On Fri, Nov 11, 2011 at 4:05 PM, Chris Streeter chris@chrisstreeter.comwrote:
Hi all, I'm currently using chef and bootstrapping my instances with user
data. However, I've found that just the process of bootstrapping the
instance (installing the required packages, updating, etc) takes longer
than I'd like it to. So what I'd like to do is to bootstrap an instance
with a run list that I'm going to be using often (ie. a www server) and
then create an AMI out of that instance. Then, later, when I want to launch
another instance of that AMI, I'll just re-run the chef bootstraping to
make sure the instance is configured how I'd like to be.

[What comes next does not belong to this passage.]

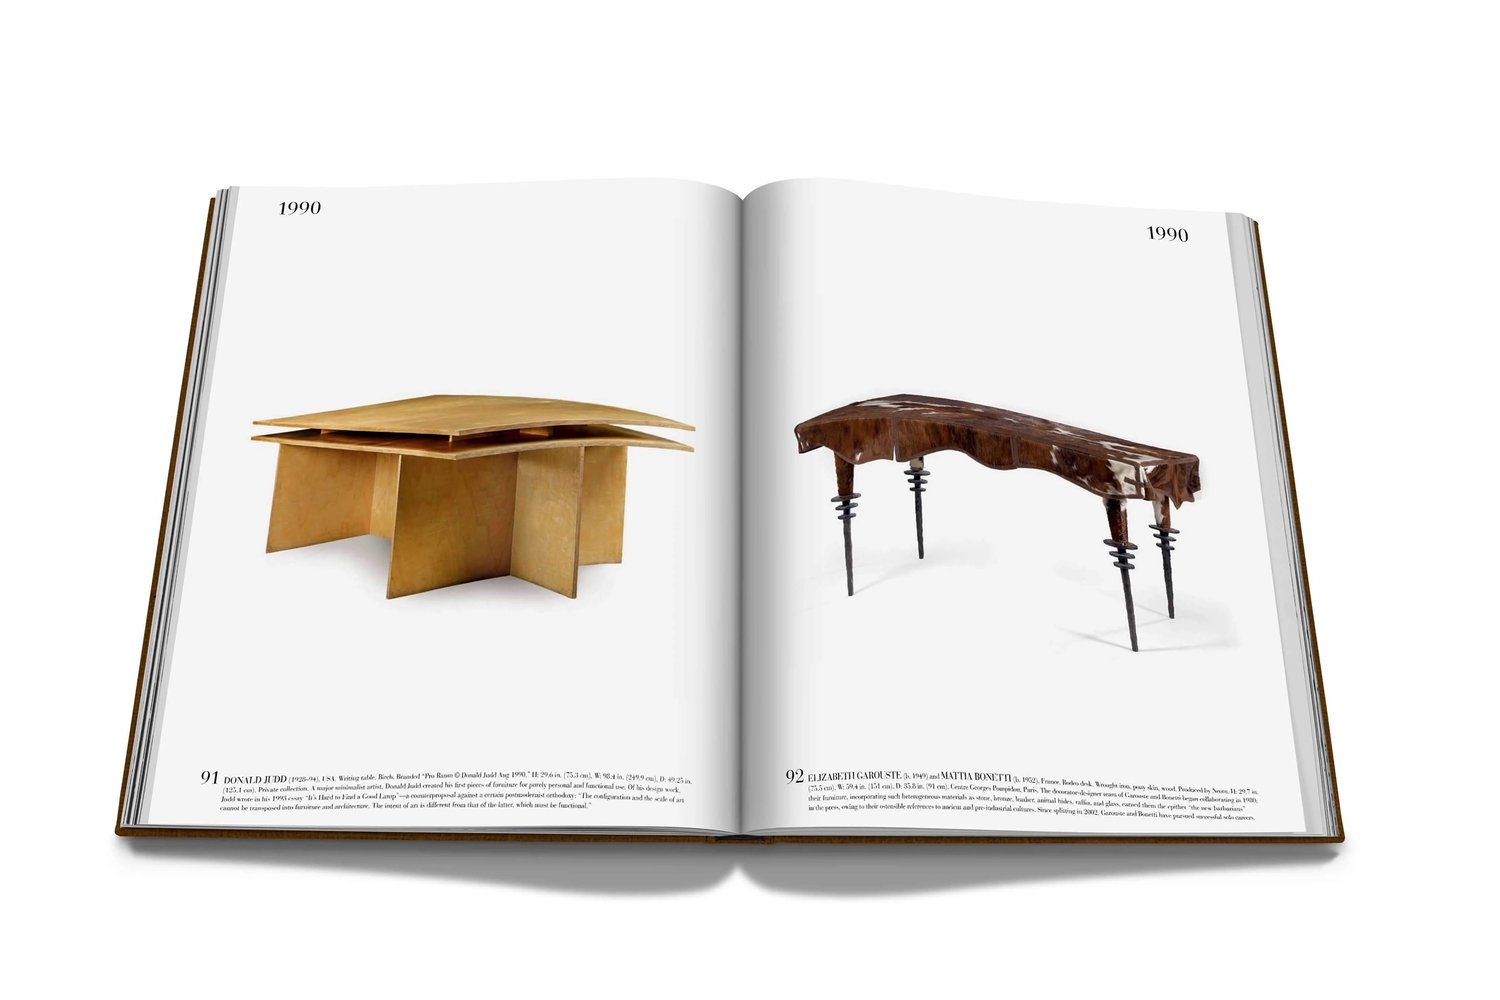 Buy Assouline 'Louis Vuitton Skin: Architecture of Luxury' Book - Seoul  Edition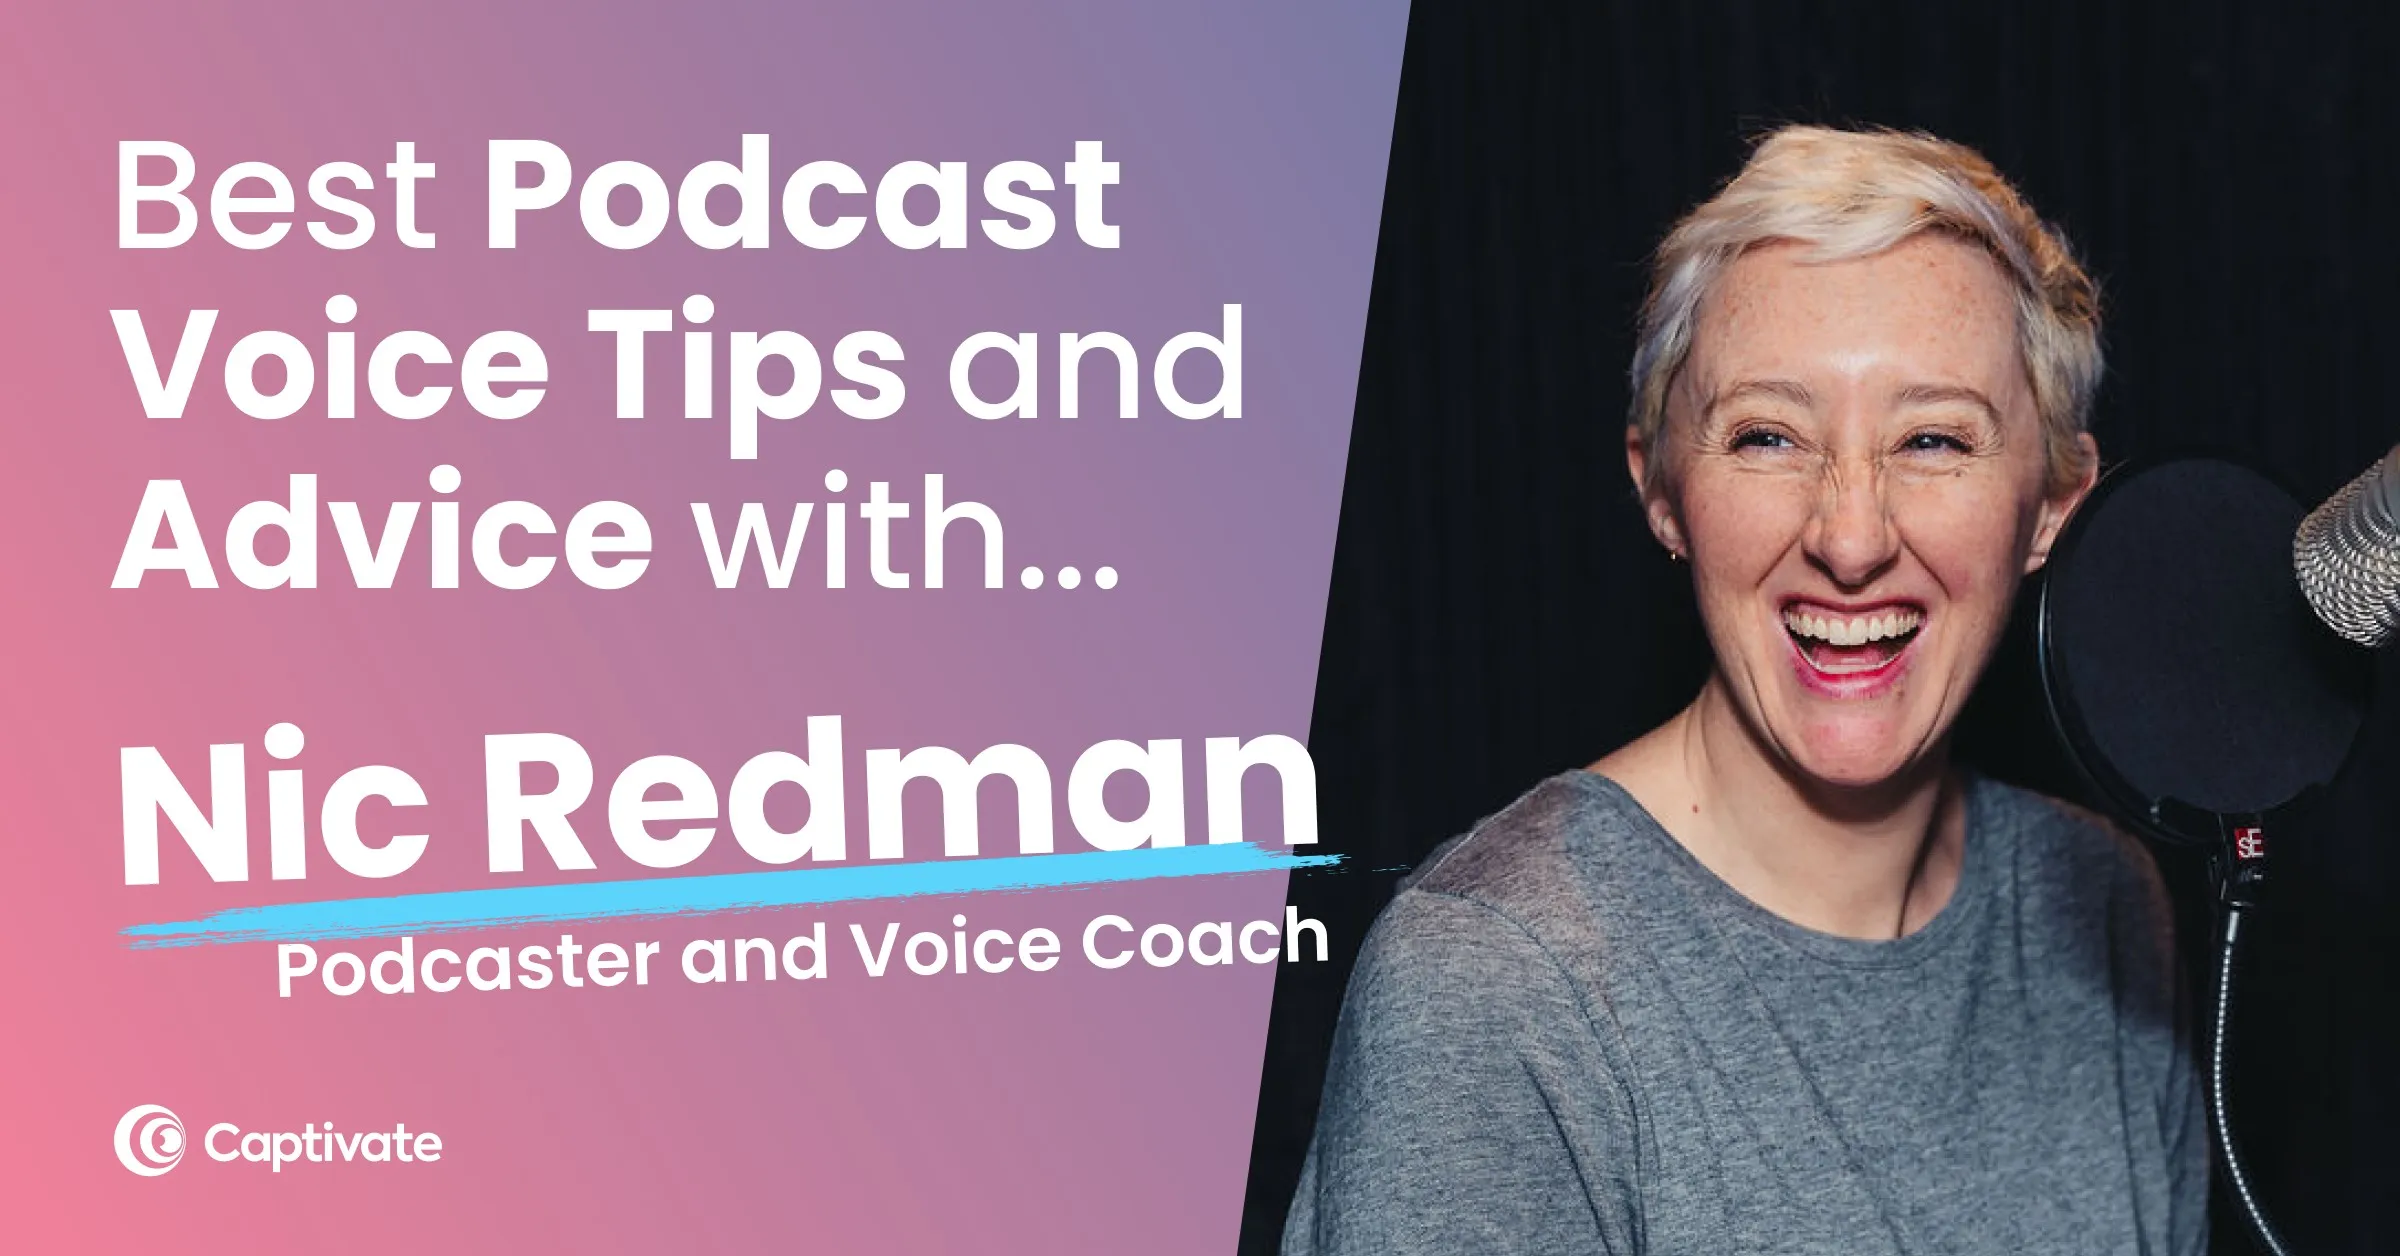 Blog featured image with voice coach and podcaster Nic Redman

My question is then, how do I "clean" the instance of chef before I create
an AMI from it so that I can bootstrap it again upon a new creation?
Thanks!
--
Charles Sullivan
charlie.sullivan@gmail.com
Not sure if this got added to the Opscode wiki, but if not, is there a good
source in list archives that I could check out? Or would someone like to
point to a good resource somewhere?
Thanks.
On Fri, Nov 11, 2011 at 14:08, Charles Sullivan
charlie.sullivan@gmail.comwrote:
This question gets asked often. Someone please add this to the Opscode
wiki.
On Fri, Nov 11, 2011 at 4:05 PM, Chris Streeter chris@chrisstreeter.comwrote:
Hi all, I'm currently using chef and bootstrapping my instances with user
data. However, I've found that just the process of bootstrapping the
instance (installing the required packages, updating, etc) takes longer
than I'd like it to. So what I'd like to do is to bootstrap an instance
with a run list that I'm going to be using often (ie. a www server) and
then create an AMI out of that instance. Then, later, when I want to launch
another instance of that AMI, I'll just re-run the chef bootstraping to
make sure the instance is configured how I'd like to be.
My question is then, how do I "clean" the instance of chef before I
create an AMI from it so that I can bootstrap it again upon a new creation?
Thanks!
--
Charles Sullivan
charlie.sullivan@gmail.com
On Fri, Nov 11, 2011 at 5:05 PM, Chris Streeter chris@chrisstreeter.com wrote:
My question is then, how do I "clean" the instance of chef before I create
an AMI from it so that I can bootstrap it again upon a new creation?
The chef-client looks for the existence of the file specified by the
client_key configuration value in client.rb. By default, this file is
/etc/chef/client.pem. If you remove this key, on the next chef-client
run will register with the chef server as a new client.
Optionally you can also clean out /var/chef/cache.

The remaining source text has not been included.